BEGIN
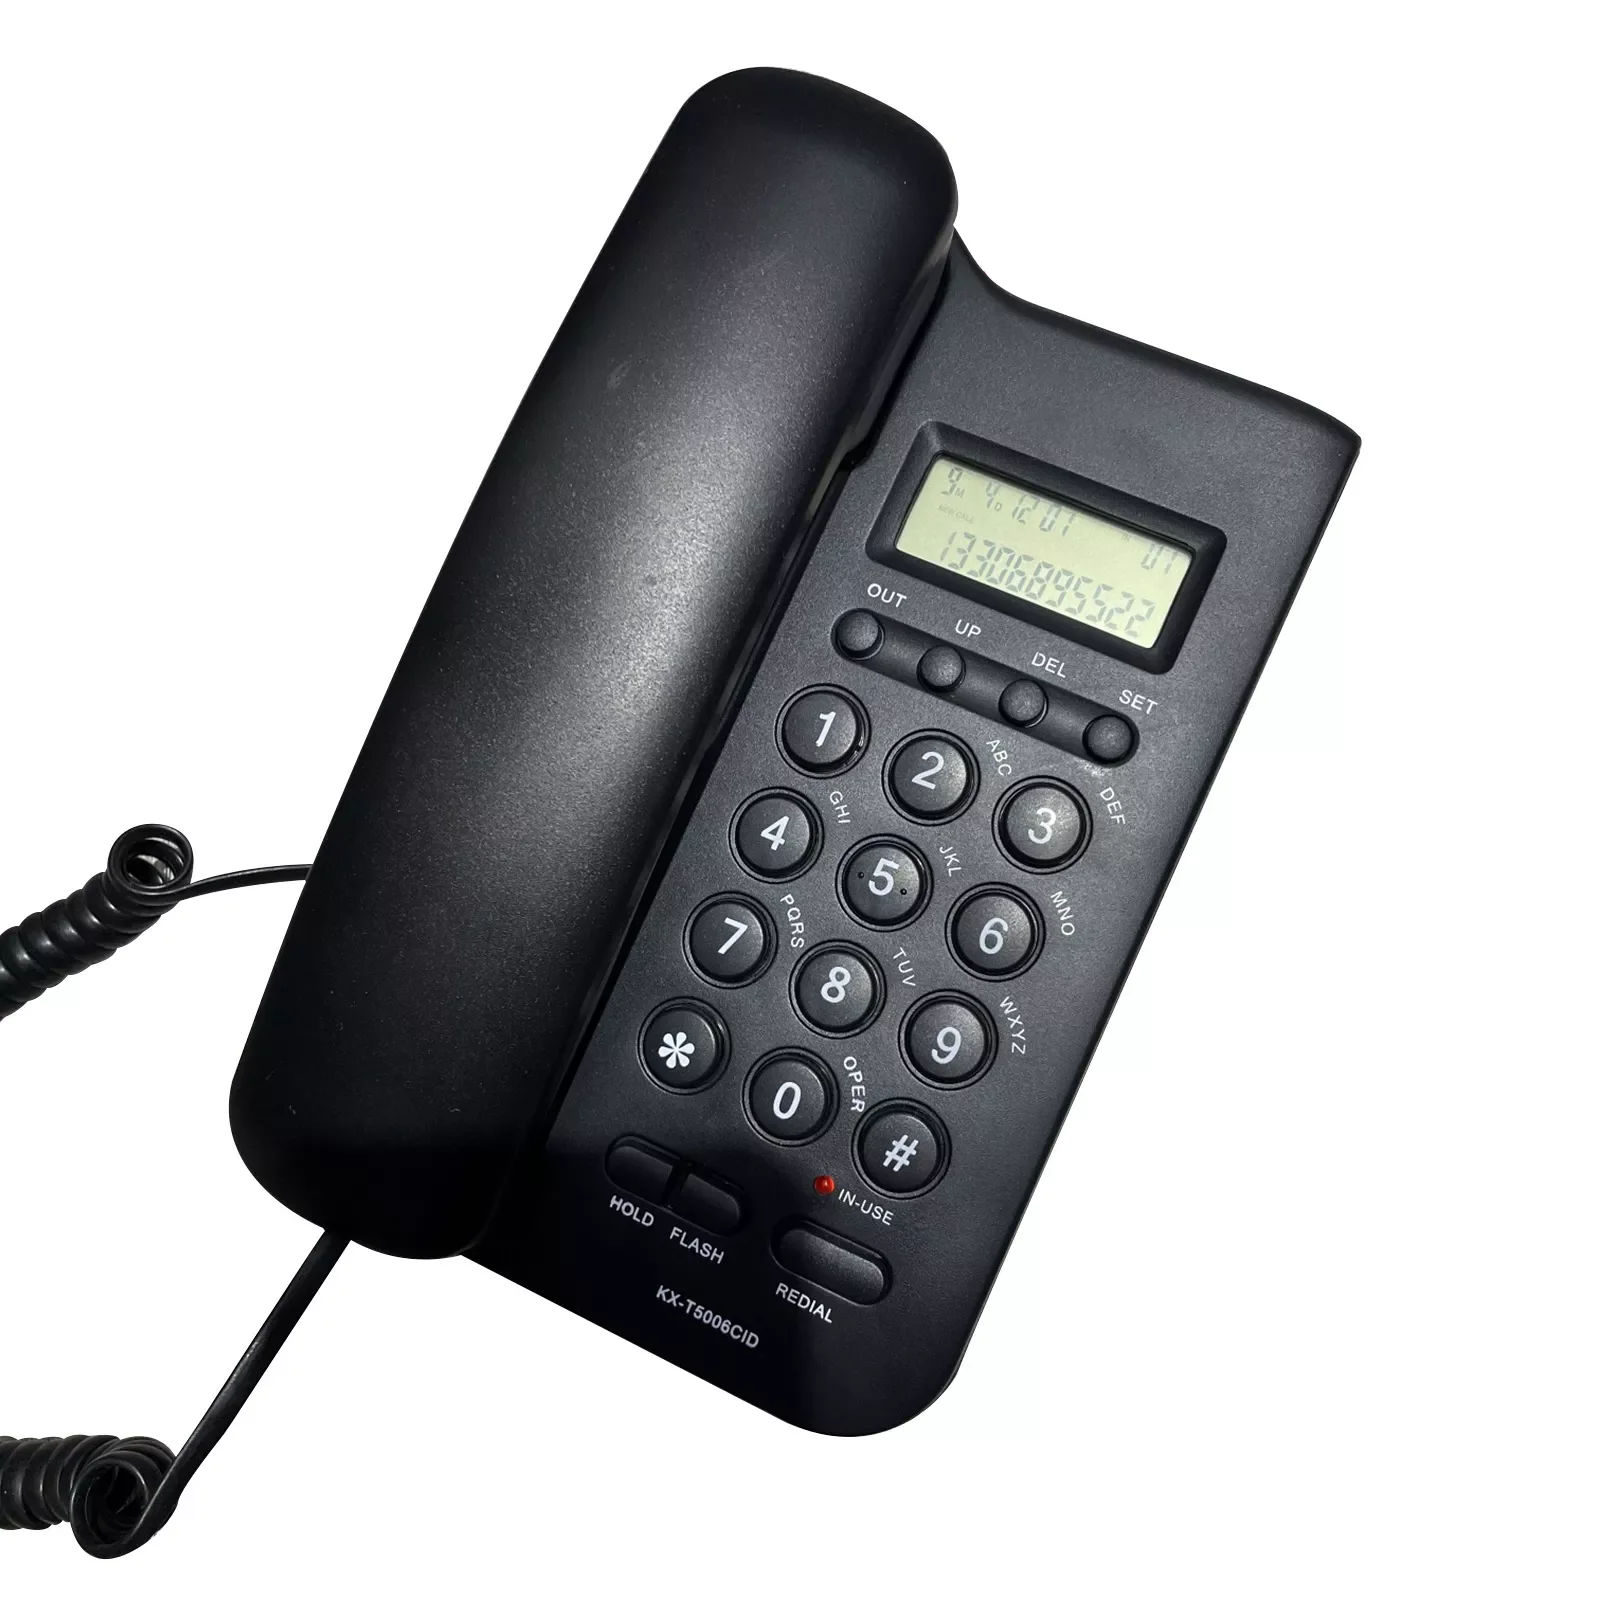 

KX-T5006CID Hotel Caller ID Hands Free Corded Telephone Loud Sound Home Office With Speaker Landline Wall Mounted FSK DTMF
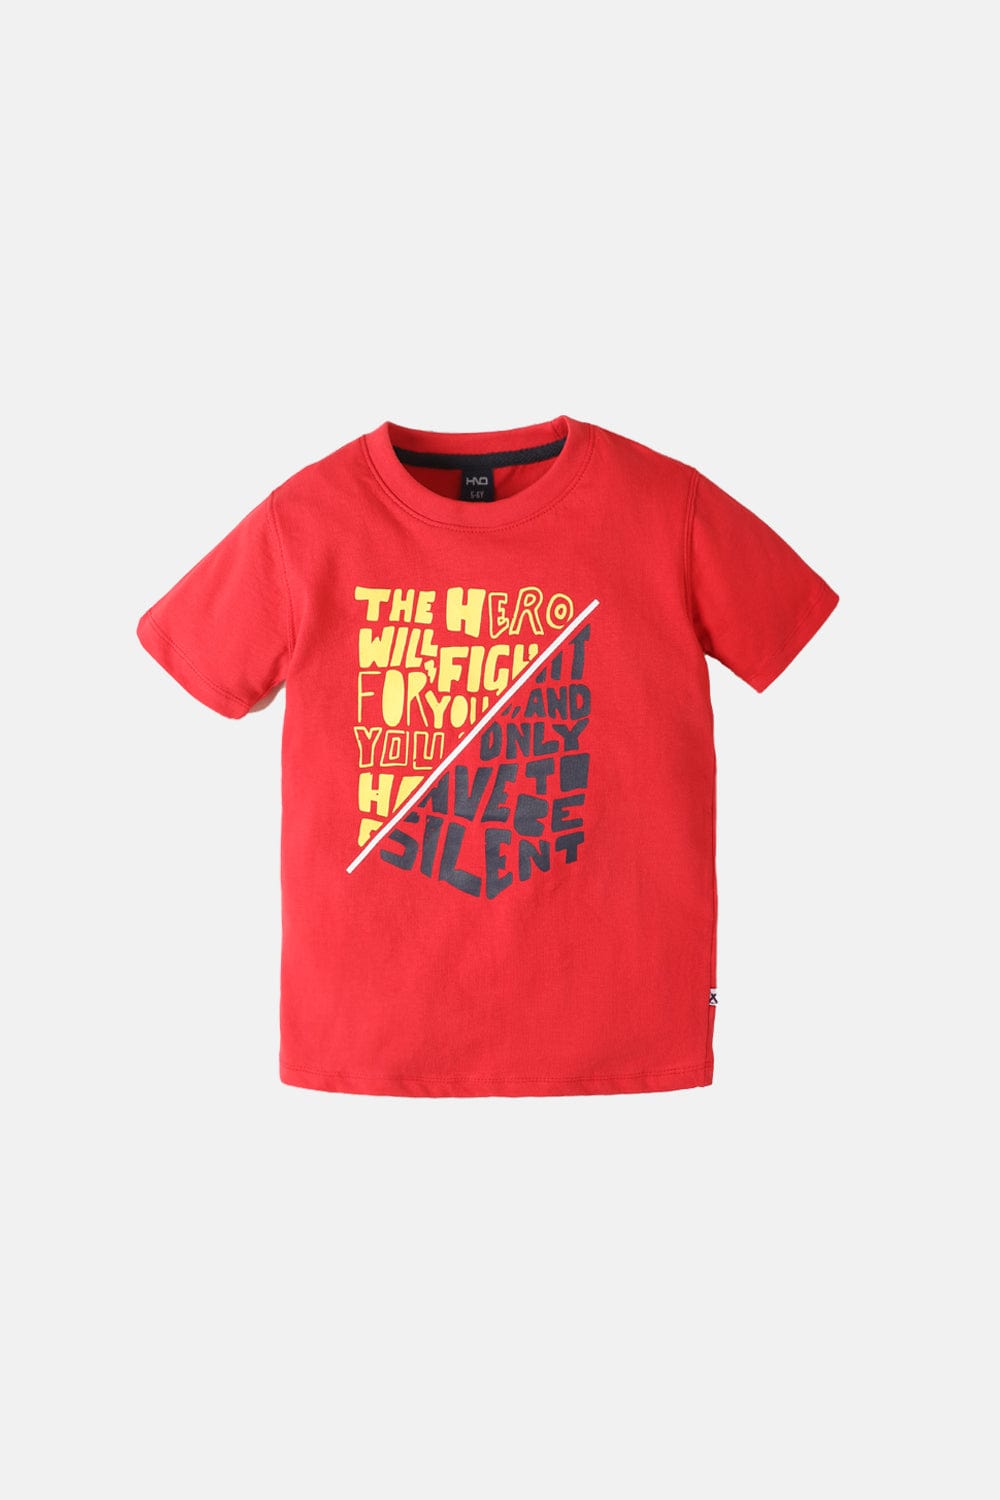 Hope Not Out by Shahid Afridi Boys Knit T-Shirt The Hero Red Graphic Print T-Shirt
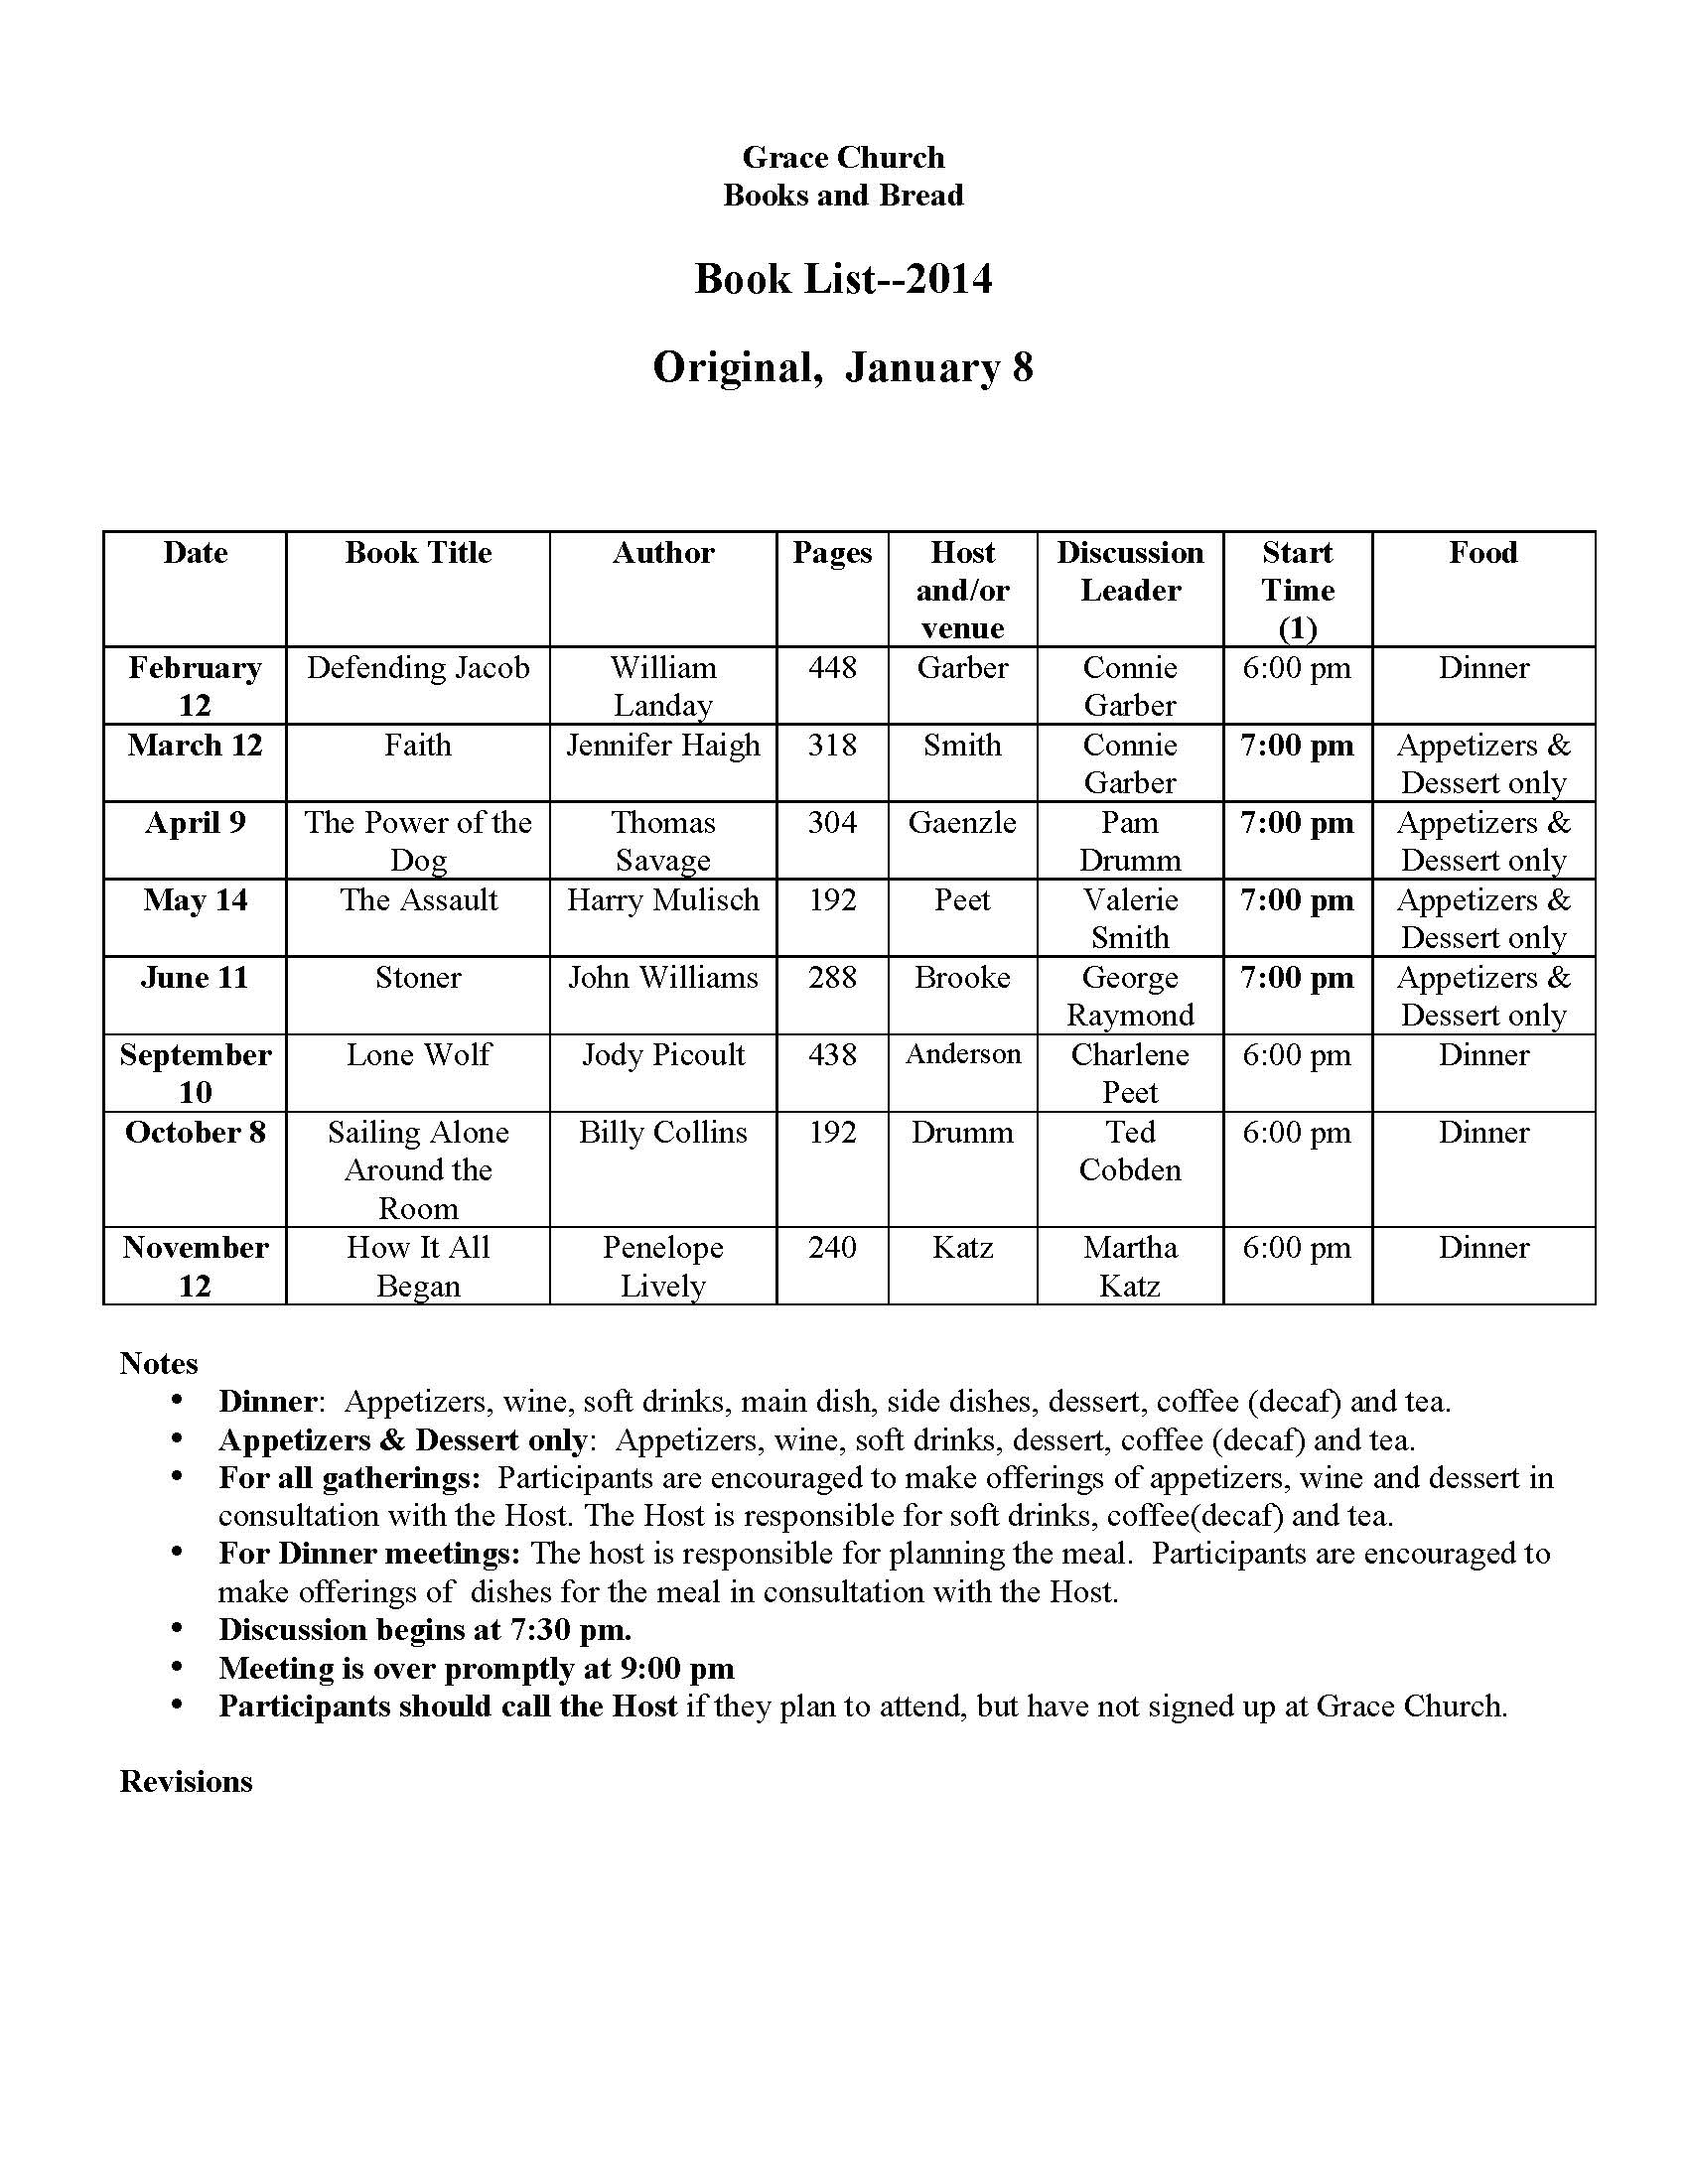 Books and Bread 2014 Schedule
END
To do:
Once the pictures are set aside, give the rest of the material again unchanged.

Result of this exercise:
KX-T5006CID Hotel Caller ID Hands Free Corded Telephone Loud Sound Home Office With Speaker Landline Wall Mounted FSK DTMF
 Hope Not Out by Shahid Afridi Boys Knit T-Shirt The Hero Red Graphic Print T-Shirt
 Books and Bread 2014 Schedule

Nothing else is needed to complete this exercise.